Continuing our trip around the League of Ineptitude, our next stop is the Florida Marlins. The Fish play in Dolphins Stadium, perhaps the worst stadium to watch a baseball game that has ever been constructed. Just look at it; it’s ugly and orange and devoid of any personality. You couldn’t pay me to watch a game there and, apparently, Miamians feel the same way because when this picture was taken there was an actual Major League Baseball game taking place. This game between the Marlins and Nats drew 400 people. 400 people! To a regular season game! Seriously. One guy got thrown for heckling the ump. You could hear the namecalling on TV. Fun fact: The Marlins are the first Major League team to have a cheer/dance team. Can you imagine trying to get excited to cheer for a team that is drawing 400 fans? And think about the actual cheering; there would be an echo like the Grand Canyon. Just brutal. The add campaign this year is “It’s where you wanna be,” following the two previous years of “You Gotta Be Here” and “You Gotta Be Here 2008.” I think it’s time for something a little more original, like “Come to a baseball game.” The people of Miami might need a hint as to why they want to be there.
The problem is that the baseball being played isn’t likely to draw anyone, so they might just want to give up. Their starting rotation consists of Ricky Nolasco, Josh Johnson, Chris Volstad, Anibal Sanchez and Andrew Miller. Has anyone besides their moms ever heard of these guys? And the Marlins best player, Hanley Ramirez, might be the second worst defensive shortstop in the majors, behind only the wizard of fielding that is Derek Jeter.

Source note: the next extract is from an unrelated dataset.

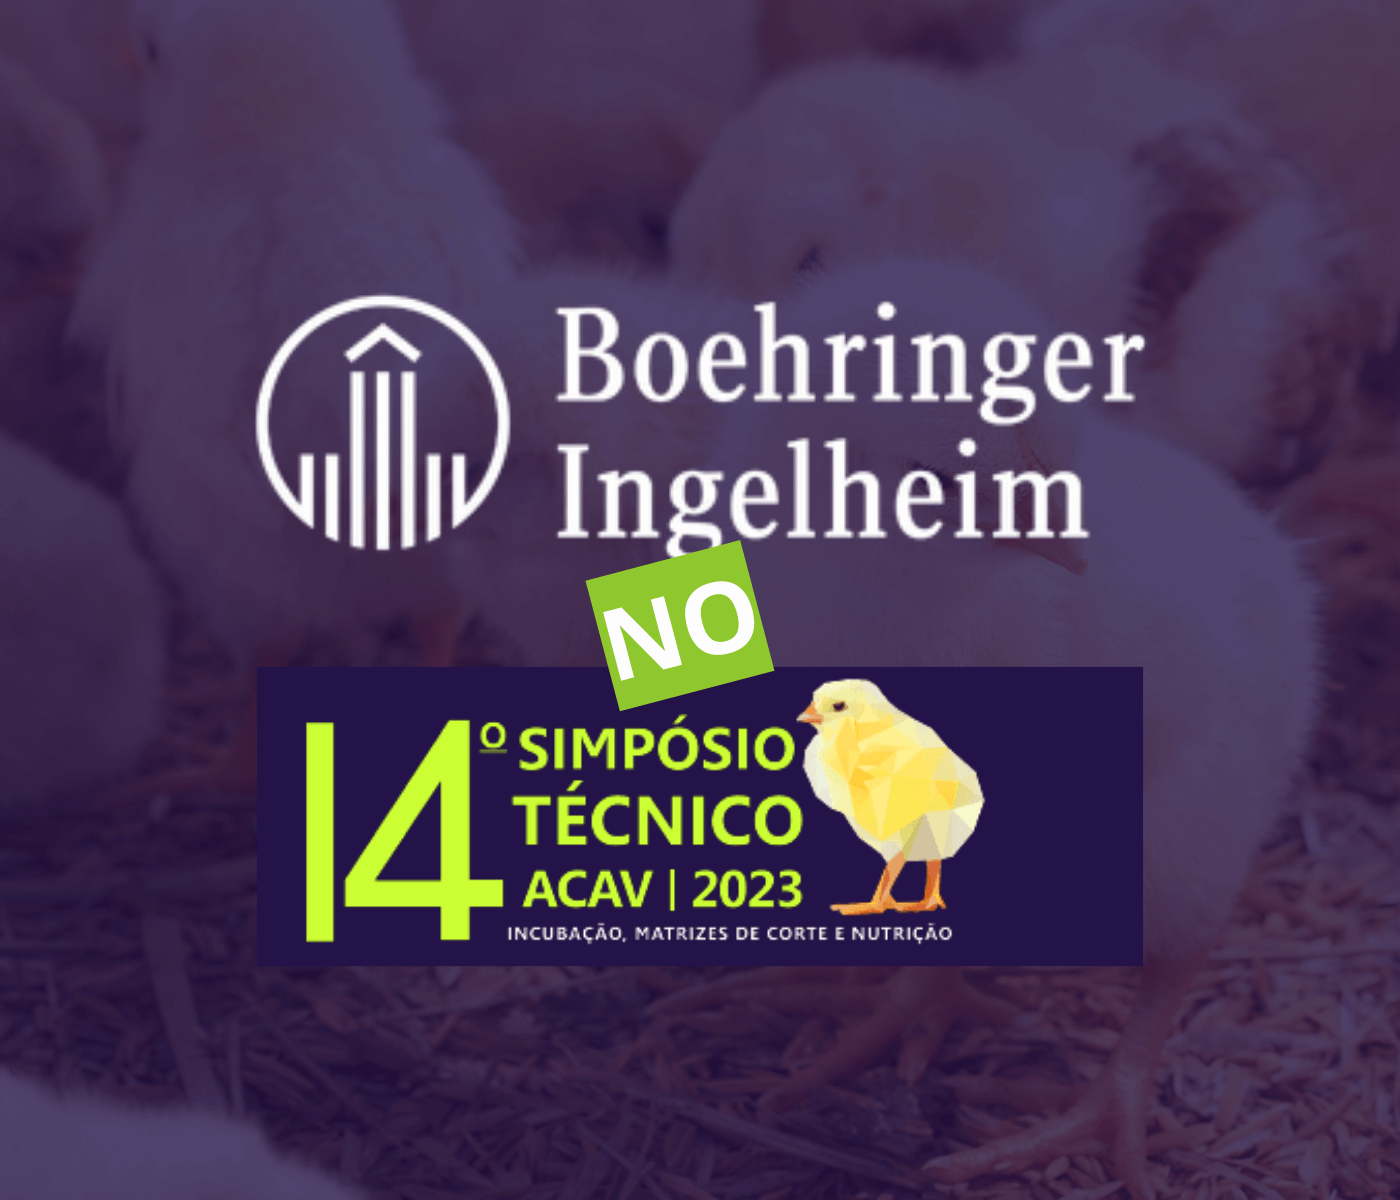 Boehringer Ingelheim fortalece compromisso com Saúde Única na indústria avícola...
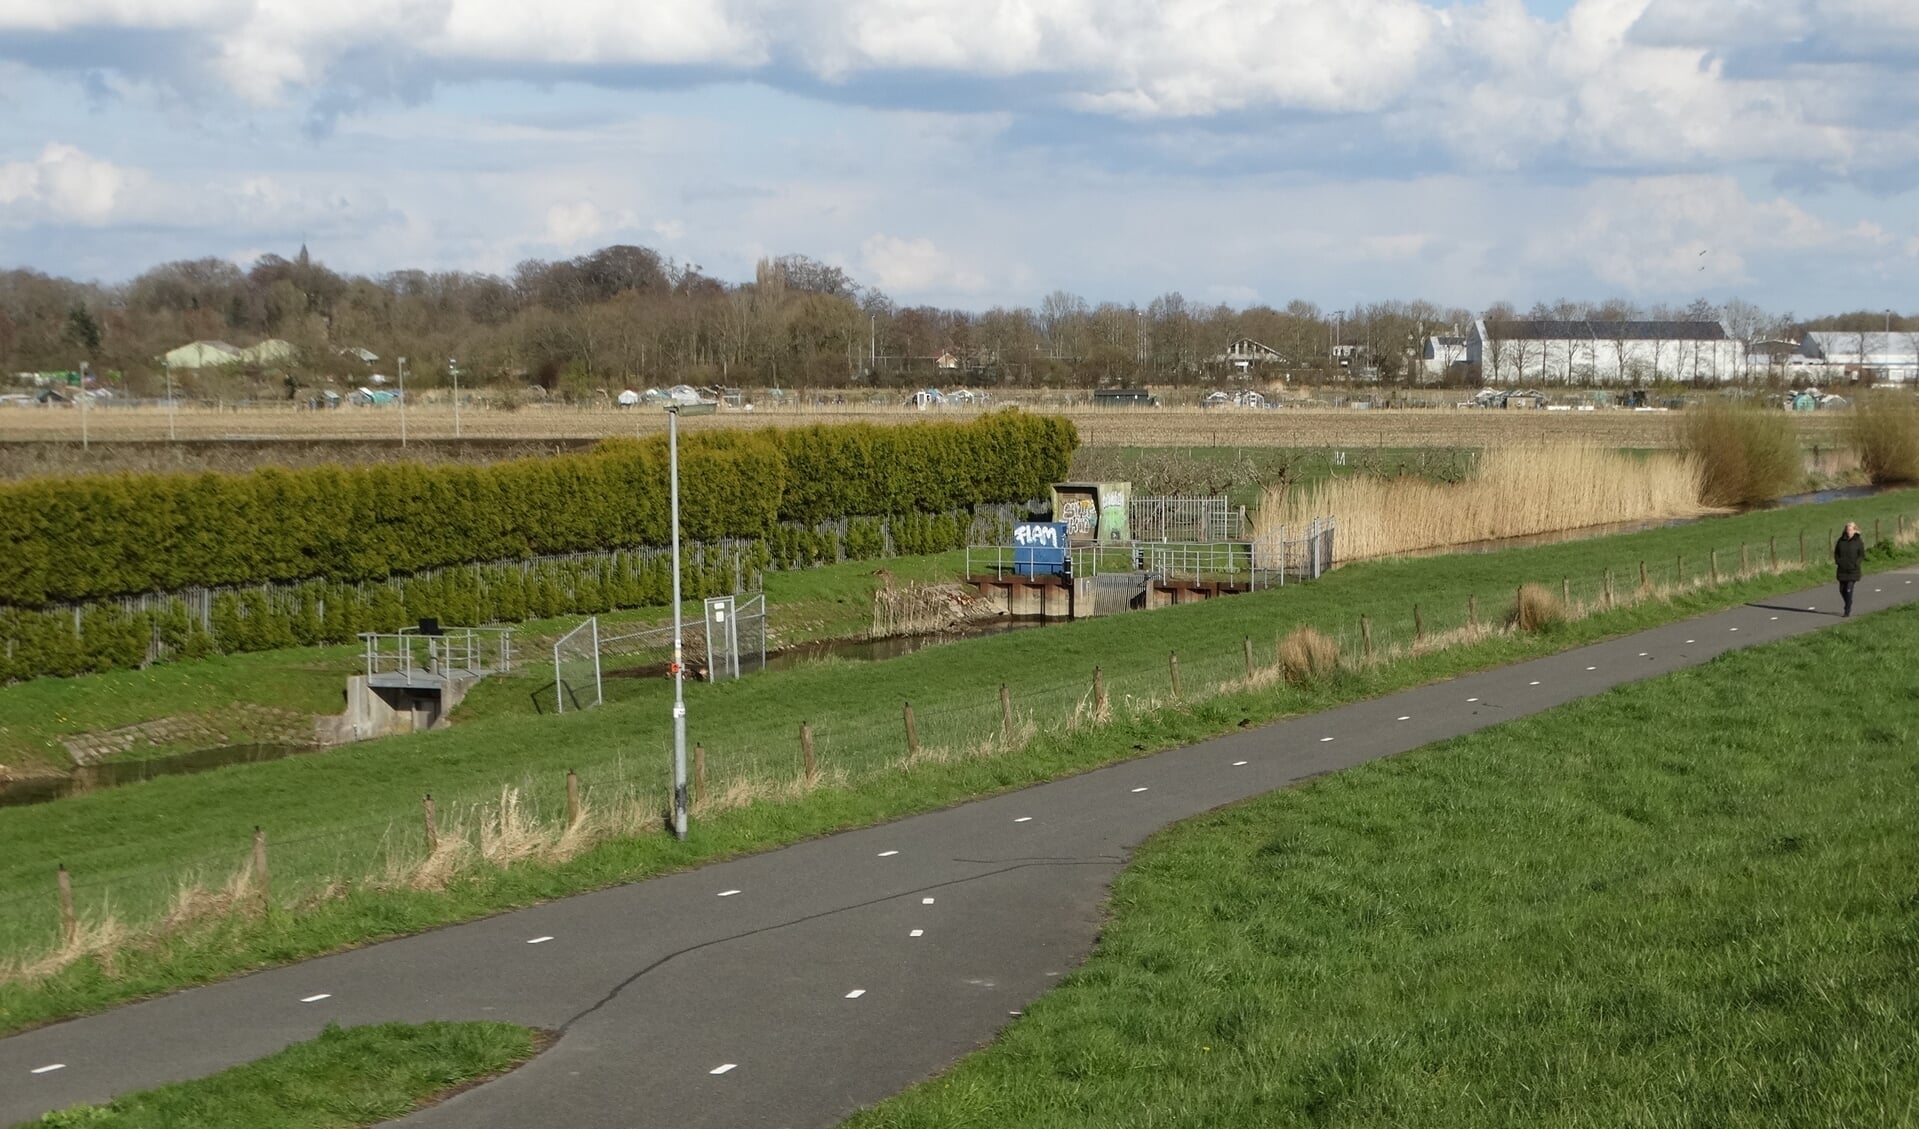 De woningbouwlocatie Zuidwijk langs het AR- kanaal, op de achtergrond de Marienhoeve

And why are they so terrible on the field? Their owner, Jeff Loria, is working on single-handedly killing his second franchise now, after wrecking everything that was good and pure about baseball in Montreal. Jeff must have some blackmail-worthy pictures of Bud Selig (sick) because, after murdering the Expos, Bud decided to give him another chance to suck the life out of a fan base when he gave him the Marlins. And Jeff is doing a pretty bang up job. So far, he’s sold off every player that has come through the system that has any remote value as soon as they are able to ask for more money. And he’s doing his best to eradicate any good will the team might have by demanding that a new stadium be built by the taxpayers. Just awesome leadership there. But there is one reason to come to the game – you can get one of these cute little Marlins plush bear. That will make up for it.
Final Prediction: The Fish have some good building blocks for the future, but their “frugal” owner is just going to ship off the best parts anyway. So due to the less than passionate support they will receive, the Marlins will again finish right around .500 and in the middle of the pack in the NL East.